Given this test data:
import pandas as pd
import numpy as np
data = {'date': ['2014-05-01 18:47:05.069722', '2014-05-01 18:47:05.119994', '2014-05-02 18:47:05.178768', '2014-05-02 18:47:05.230071', '2014-05-02 18:47:05.230071', '2014-05-02 18:47:05.280592', '2014-05-03 18:47:05.332662', '2014-05-03 18:47:05.385109', '2014-05-04 18:47:05.436523', '2014-05-04 18:47:05.486877'],
'battle_deaths': [34, 25, 26, 15, 15, 14, 26, 25, 62, 41], 'prisioners': [3, 4, 3, 2, 2, 6, 4, 5, 2, 8]}
df = pd.DataFrame(data, columns = ['date', 'battle_deaths', 'prisioners'])
Set index datetime:
df = df.set_index(pd.DatetimeIndex(df['date']), drop=True)
del df['date']
It works when I want to resample to the milliseconds, but it takes too long...

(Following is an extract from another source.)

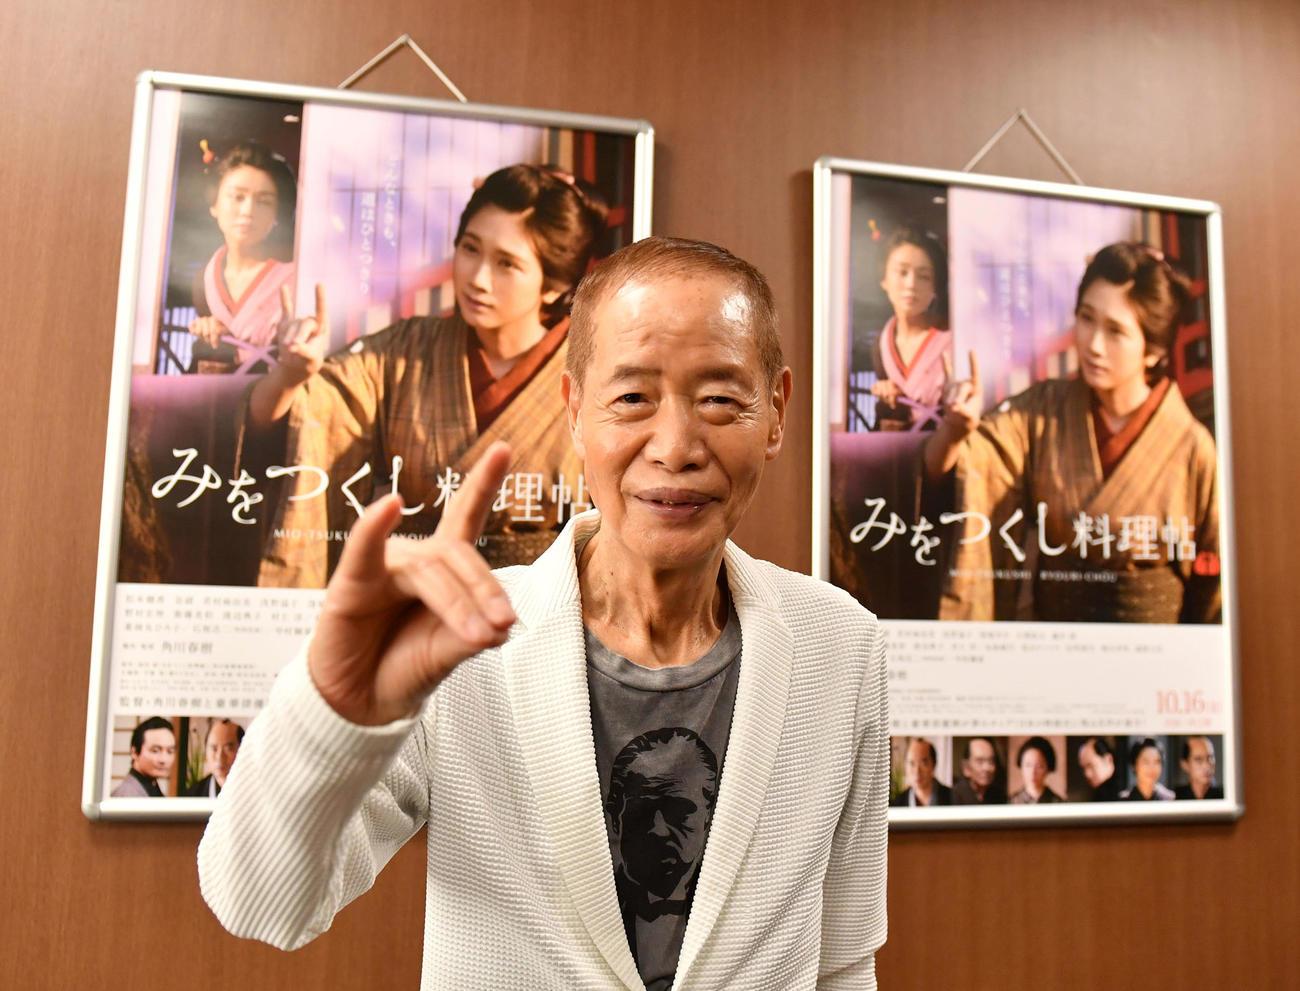 映画「みをつくし料理帖」劇中に登場するポーズを決める角川春樹監督(撮影・柴田隆二)

timeit df.resample('1L').sum()
I guess is because is aggregating all the milliseconds with NaN data, but when I drop it ..
timeit df.resample('1L').sum().dropna()
It takes even longer
guessing again that the dropna is done at the end... There is any way which by dropping the NaN samples will accelerate the process?